When Should I Buy a Home in NYC?
Moving into your first or next home is always an exciting experience. Finally, you’ve navigated the stresses of getting your belongings to the new address, handled the lease or mortgage negotiations, and life feels like it can get back to normal.
Before buying or renting in NYC, the first question you should ask is how much home you can afford.
Answering that question looks at several factors. First, you’ll need to review five specific points if you’re interested in purchasing a home to see if it makes sense financially.
- Your debt-to-income (DTI) ratio is critical in obtaining a mortgage, especially on the front end. Most lenders want to see your total DTI under 36%, with no more than 28% of your debt going toward a rent or mortgage payment.
- The down payment you can make for a home loan. Some lenders accept as little as 3%, but you might need to purchase private mortgage insurance (PMI) in those circumstances.
- Your lifestyle and financial considerations impact disposable income. For example, some people can afford a great home in NYC, but they can’t go anywhere or do anything because their money is tied up in the property. Is that an outcome you’re willing to accept?
- Does the current NYC real estate market make sense to invest in real estate, or should you keep the convenience of renting for another year or two?
- What do you see your future lifestyle needs requiring?
The maximum DTI that mortgage lenders accept is 43%. When you count all your regular debt payments, from student loans to credit cards, no more than that percentage of your income goes toward those expenses.

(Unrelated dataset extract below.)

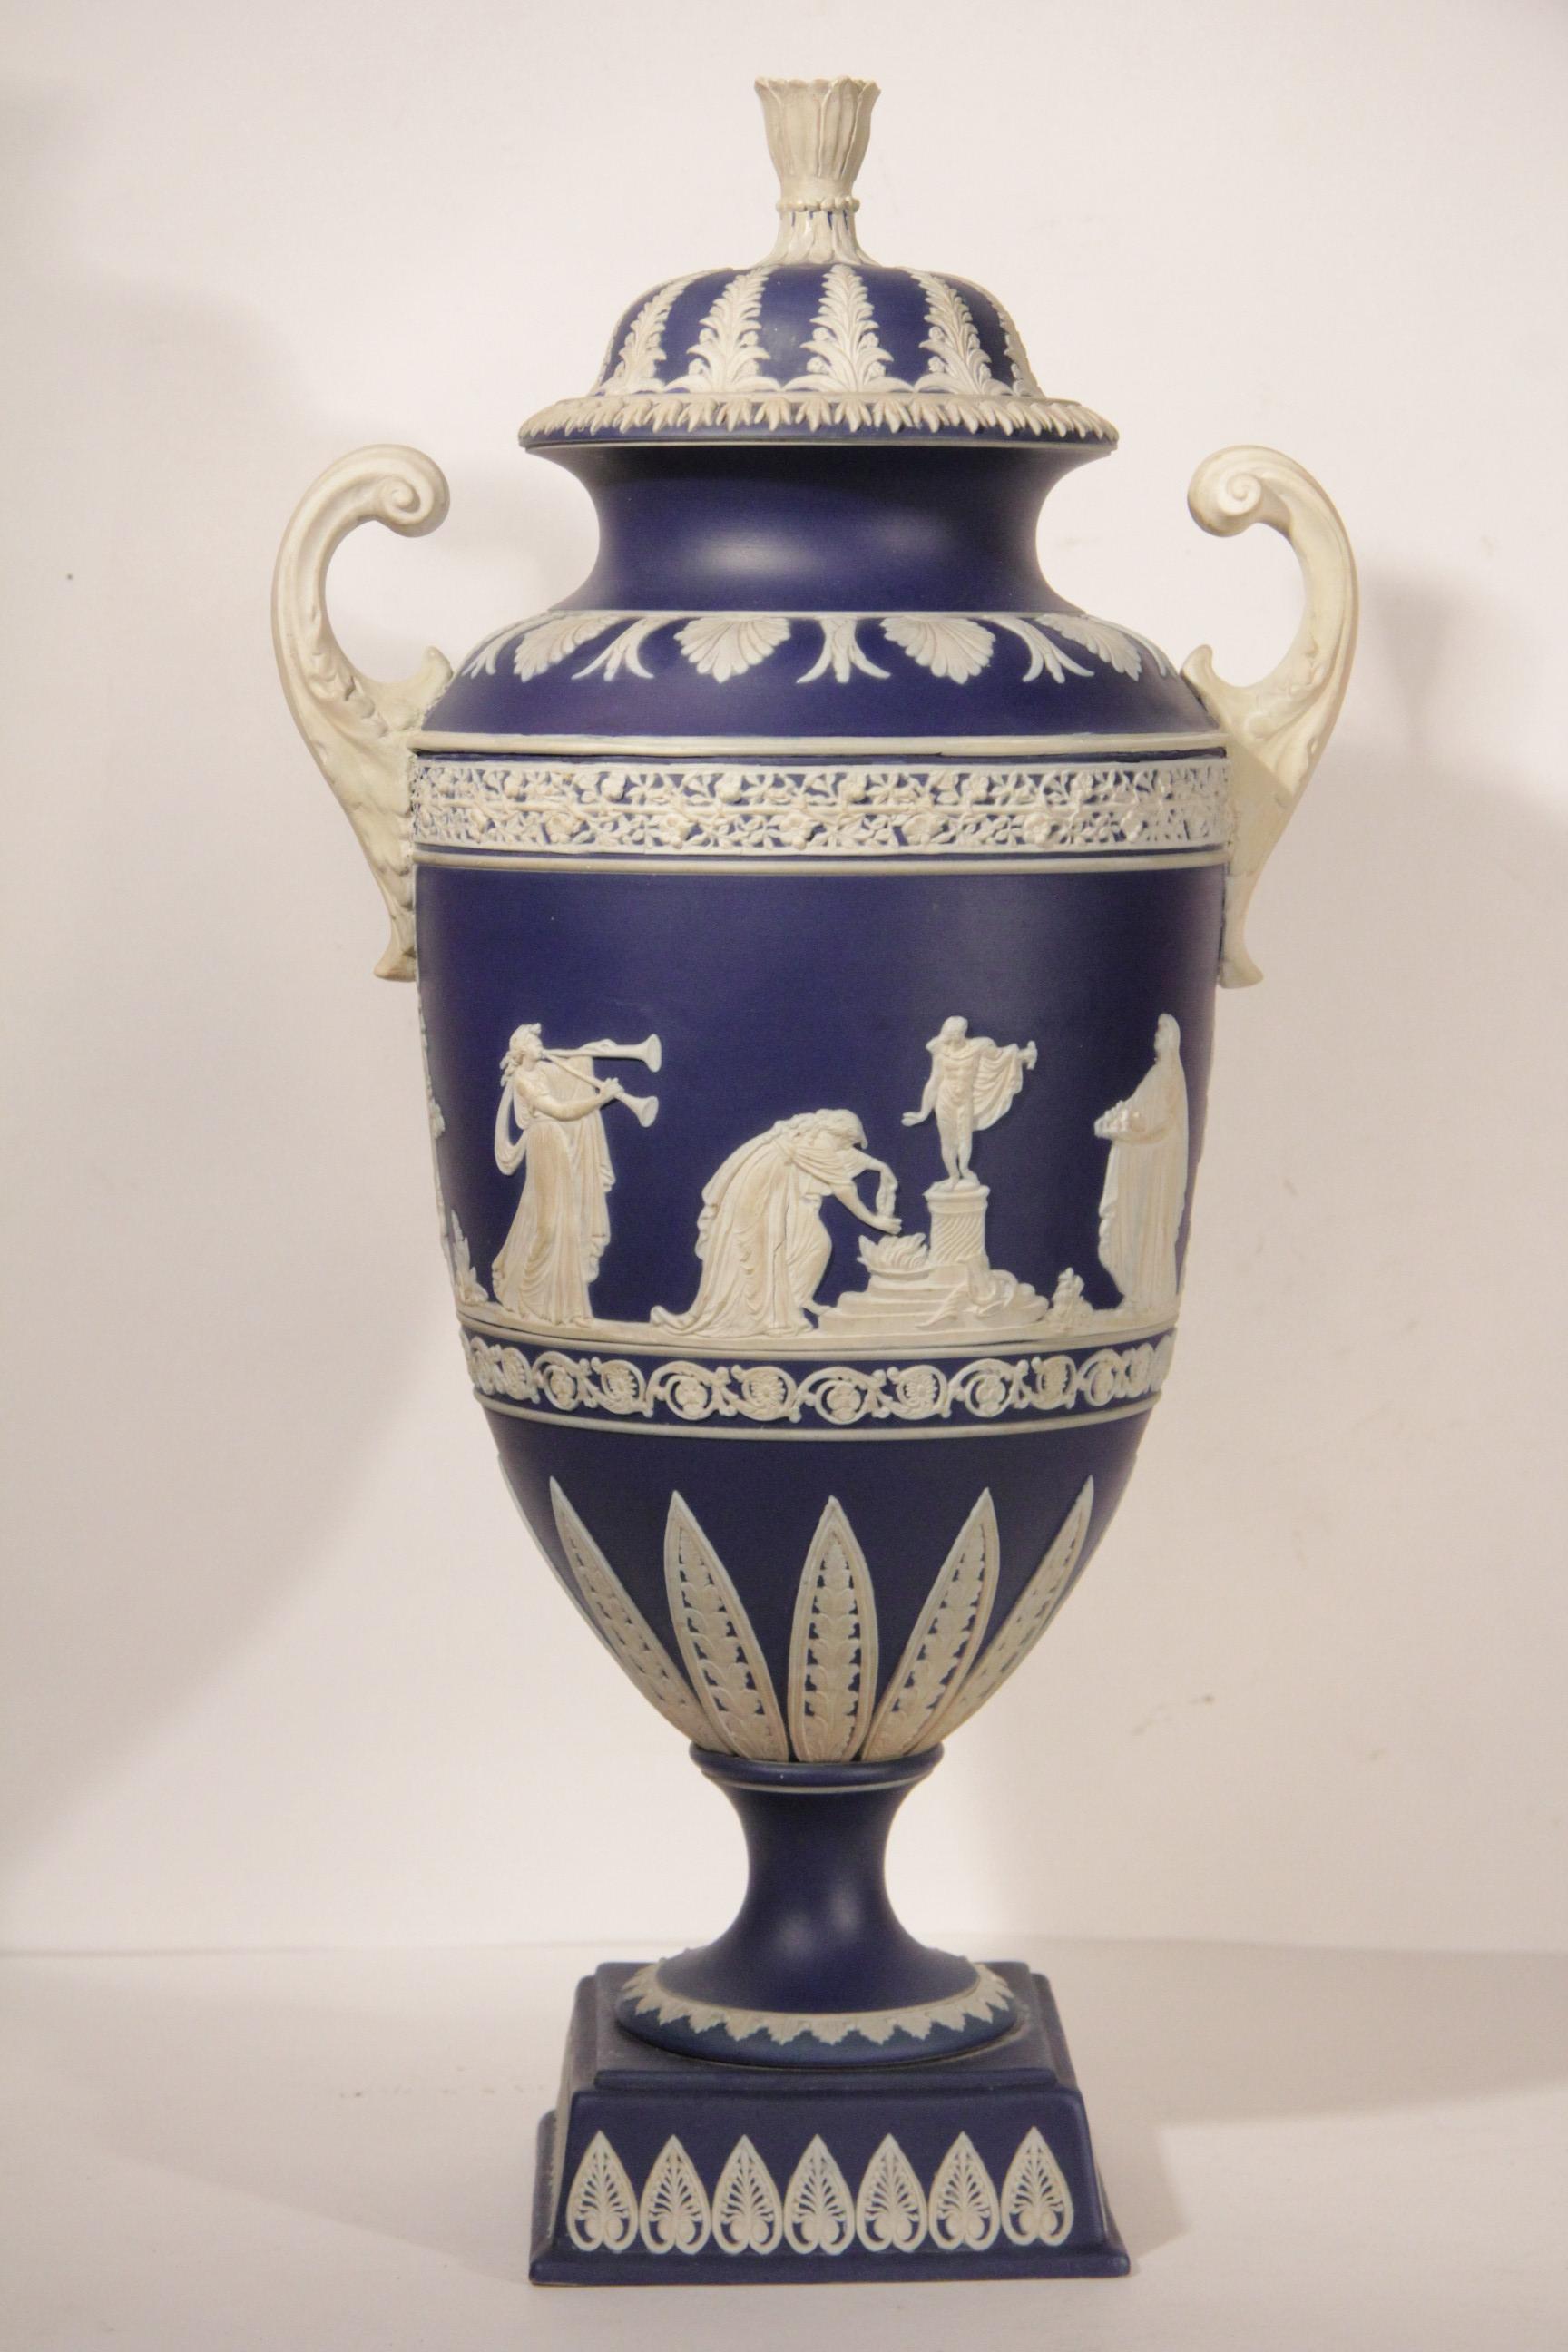 старинная фарфоровая ваза фабрики Веджвуд

Let’s say you make $8,000 per month as a household. If you multiply that number by 0.43, you’ll get $3,440. That is the maximum you can spend each month on debt payments and still be approved for a mortgage.

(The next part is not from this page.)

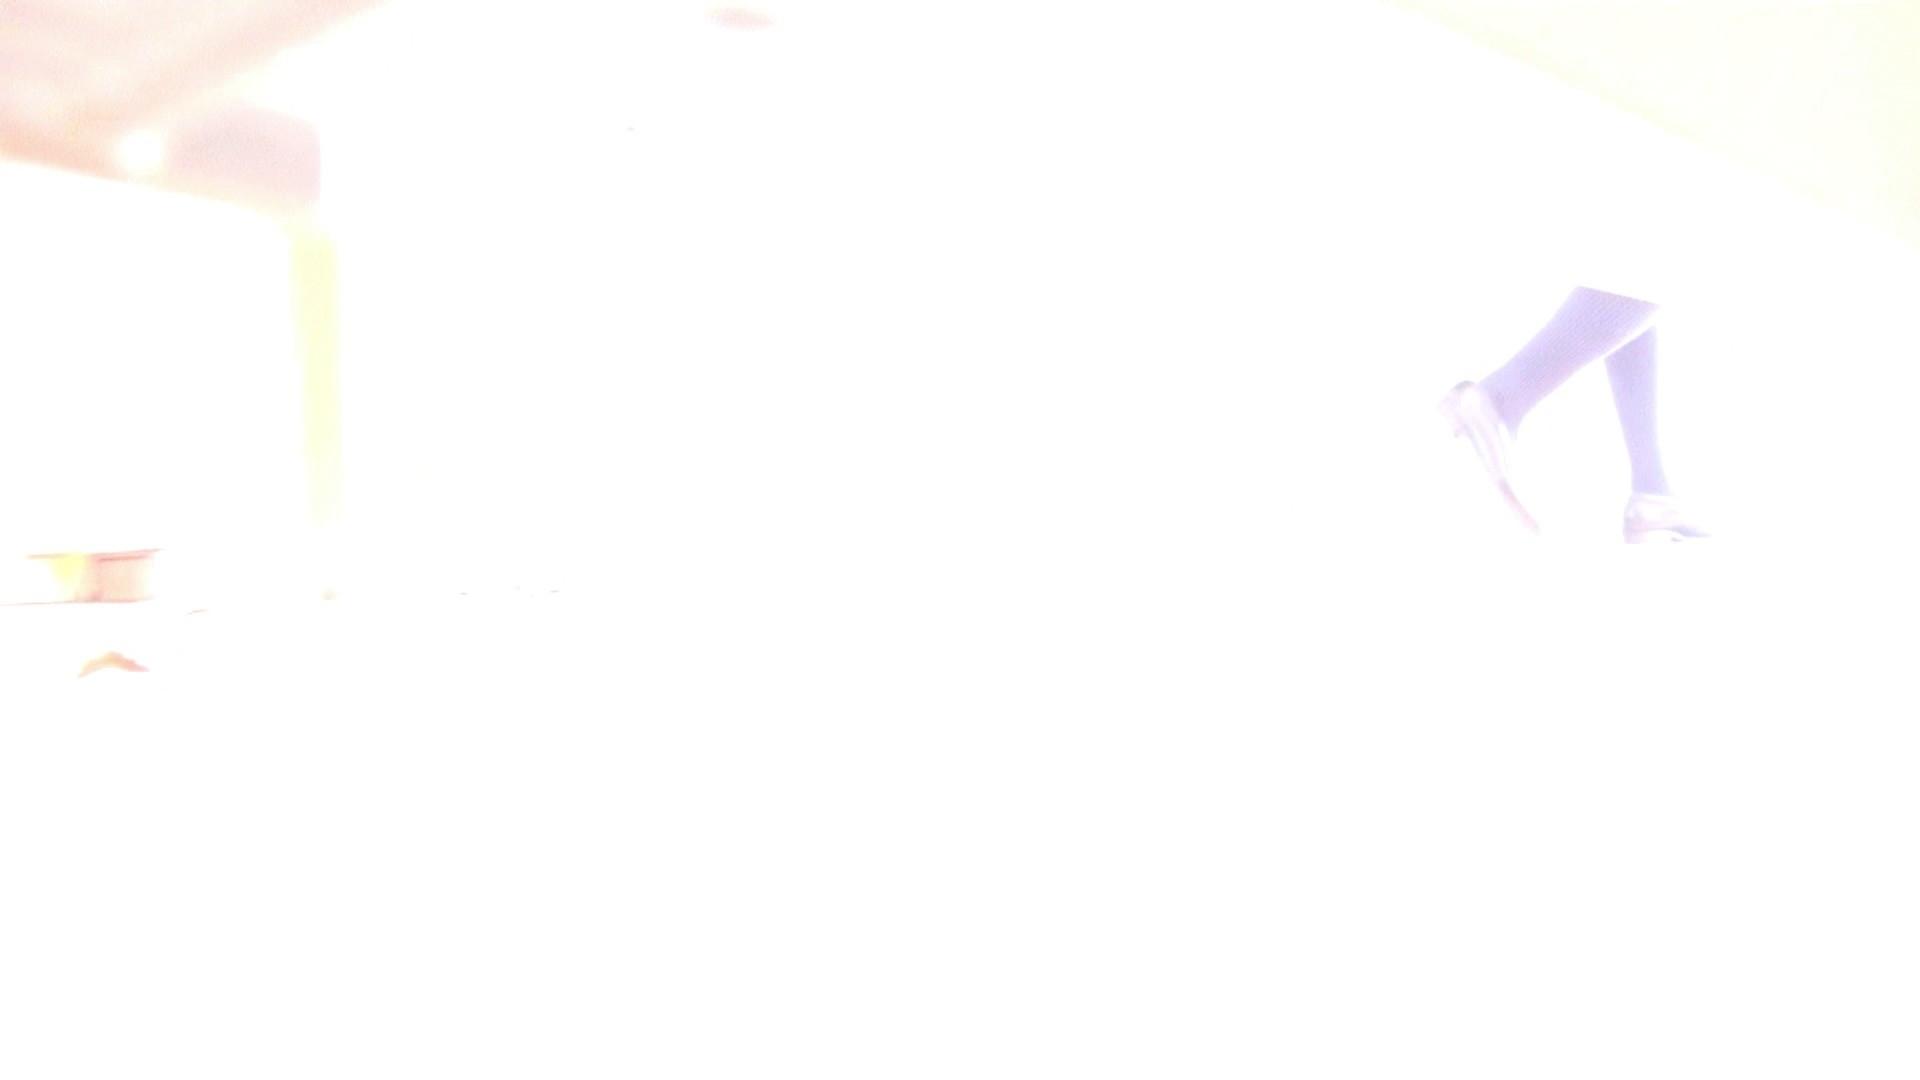 ※100個限定販売 至高下半身盗撮 プレミアム Vol.13 ハイビジョン 洗面所 | 名作殿堂  113画像 66

Since your potential monthly mortgage payment is part of the DTI calculation, you’ll have natural limits on what you can pay.
That’s why real estate transactions can be tricky for some households in NYC. If you’re looking at a $4,000 per month obligation, you’ll need to increase your income and eliminate virtually all debts before a loan approval occurs.
If your DTI isn’t where it needs to be, renting is a better choice in NYC until you can save more or reduce your debt.
Can I Afford a Down Payment in NYC?
In most situations, lenders want to see a 20% down payment on the home offer you’ve made to eliminate private mortgage insurance from the loan. This adds $30 to $70 to your monthly payment for every $100,000 borrowed.
You can purchase a home with 3.5% down using an FHA loan, but a larger down payment means a lower monthly obligation. That can get your DTI into a better place.
Some lenders won’t even consider a mortgage if you cannot put at least 5% or 10% down on a property. It’s important to remember that affording a home in NYC today is not as important as your ability to afford it over the loan’s lifetime.
Please don’t sacrifice your emergency savings account to offer a larger down payment. If unexpected repairs and other needs arise, you could be stuck using credit cards to fix the situation. Debt is something you want to avoid with owning a home.
Is it cheaper to rent than buy? If it is, pursuing housing options in NYC makes sense. If not, you might consider waiting until your finances are healthy enough to obtain a mortgage at a competitive rate.
NYC is typically a safe housing market. Although there is always some risk to consider, many of those issues disappear if you’re shopping for your forever home.